Convívio no Futa

Para entrarem melhor no espírito das minhas histórias, que diferem das demais por serem o fruto das minhas vivências por estas exóticas paragens, vou procurar trazer-vos para a minha companhia. Vou procurar que se juntem aos amigos que me escutaram atentamente. Na falta de fotografias, que ainda não as tenho, utilizem a imaginação. E digo bem! Digo que ainda não as tenho, porque o médico, o Dr. Graça Marques, levou a máquina fotográfica. Mas como as imagens reveladas levam o seu tempo a chegar-nos às mãos, vou agora procurar dar-vos uma ideia, através das palavras, do agradável local onde passei a tarde de domingo.

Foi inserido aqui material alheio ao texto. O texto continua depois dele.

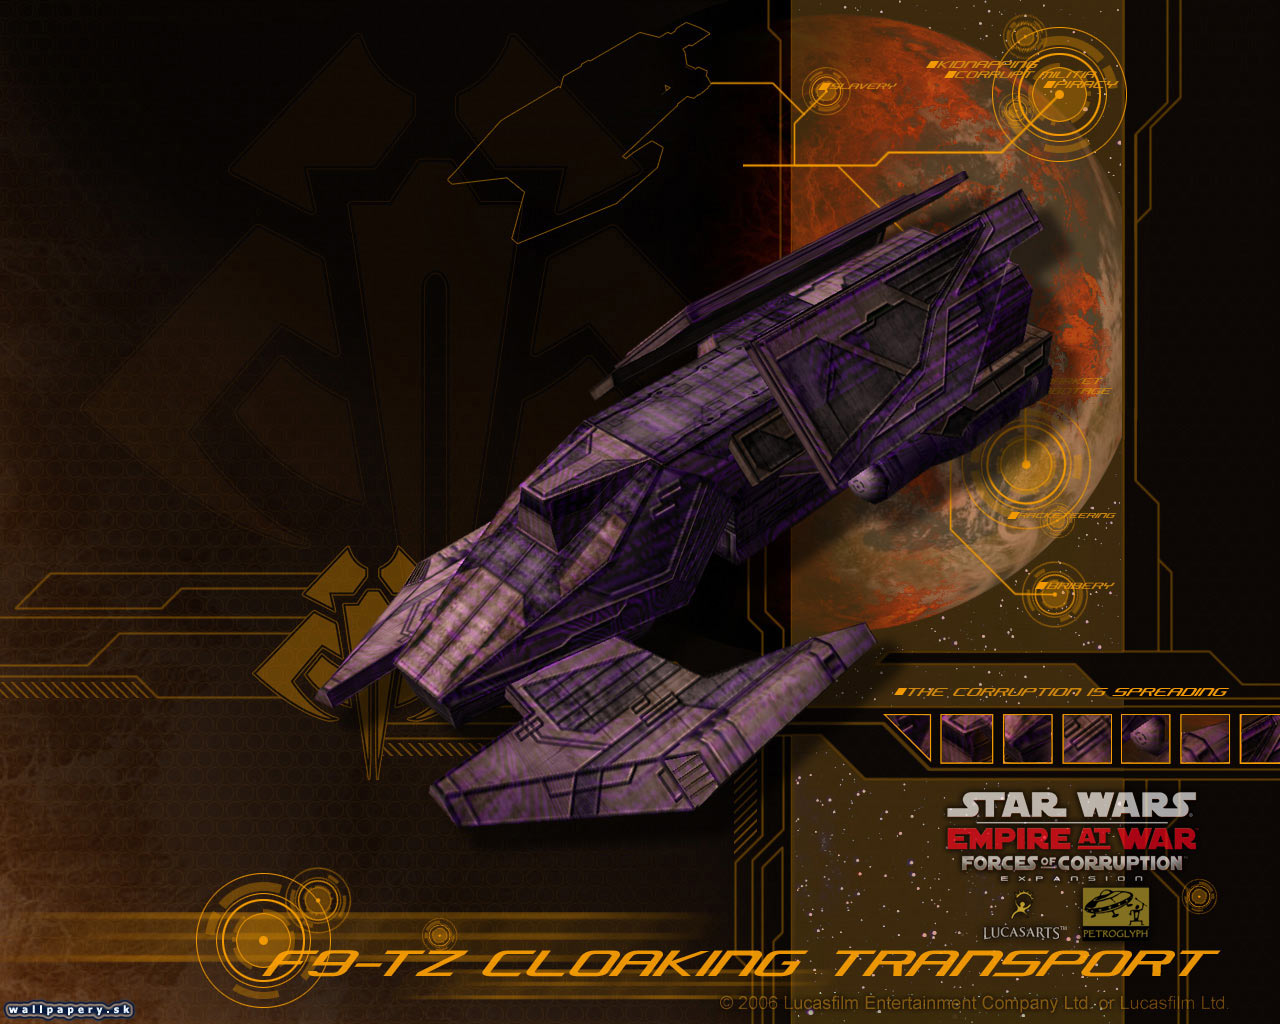 Star Wars: Empire At War - Forces of Corruption - wallpaper 12

O Futa é uma abundante linha de água, que corre junto à estrada alcatroada, que liga Quimbele a Sanza Pombo, e lhe passa por baixo. O sítio onde tomamos banho constitui como que uma piscina natural, no meio de uma mata com árvores altas, que nos brindam com uma sombra acolhedora nas tardes de calor africano. A ligação da estrada ao local faz-se por meio de uma picada aberta na densa vegetação. Uma clareira permite estacionar as viaturas e inverter o sentido da marcha. A água é límpida. Parece de cor acastanhada. Mas não passa de uma ilusão! Esta primeira e desagradável impressão é provocada pelo facto da ampla e funda banheira natural, onde podemos mergulhar e nadar, ser de barro vermelho, tal como é uma grande parte do solo que pisamos.

Viemos para o banho após uma renhida disputa de póquer no Briosa Bar. Antes de nos despirmos, de enfiarmos os fatos de banho e de mergulharmos na água, o doutor fez uns disparos. Fui um dos alvejados.

— Ulisses, salta para o jipe do capitão.

— Para quê, Graça Marques?

— Anda. Faz o que te digo, Já vais ver para que é. Senta-te ao volante.

— Sento-me ao volante para quê? O que é que queres que eu faça? A viatura não está bem onde está?

— Não é isso. Senta-te ao volante e finge que estás a fazer uma manobra. Não vês que pretendo fotografar-te? Quero ficar com uma recordação de ti e deste dia.

— Está bem. Não digas mais. Já percebi. Mas depois quero uma cópia, para mandar aos velhotes. E já agora, vê lá bem o que vais fazer. Vê lá se enquadras bem a imagem e não me cortas a cabeça.

— Está bem. Senta-te e cala-te. Estás a querer fazer de mim algum maçarico?

— Calo-me para quê? A fotografia é sonora?

Fiz a vontade ao médico. Depois de uns segundos, em que tive de lhe tirar algumas dúvidas, disparou a máquina. Fiquei agarrado com uma mão no volante e a outra na alavanca das velocidades, tal como se estivesse a efectuar uma manobra. E desde já fica a promessa: quando ele me fornecer uma cópia, recebê-la-ão aí na metrópole. Poderão verificar com os próprios olhos que o vosso filho se encontra bem disposto e de perfeita saúde. Claro está que não é bem a mesma coisa que terem-me aí, junto de vós... Mas sempre é melhor do que nada!

— E então o relato? Não estamos interessados no Futa. Continuamos à espera que fales dos teus últimos dias na sanzala.

Como sempre, o pai tem toda a razão. Mas terá que ter um pouco de calma. Preciso de recuperar estas vivências, para ser mais fiel aos acontecimentos. Até porque o relato aos meus camaradas foi animado. Não estive a falar para ouvintes mudos! Foi um relato interrompido por diversos comentários, próprios de quem escuta, e por questões, suscitadas pela curiosidade. E isto até foi para mim uma certa vantagem! Os comentários e as perguntas ajudaram-me a avivar pormenores e a tornar o relato muito mais vivo, muito mais natural e interessante.

A nossa banhoca no Futa terminou em parte graças ao Graça Marques. Foi ele a lembrar-nos que não podíamos estar todo o dia dentro de água. Desta vez não se saiu com a treta de querer ouvir as minhas aventuras amorosas. Tirou-nos do banho e foi directo ao assunto.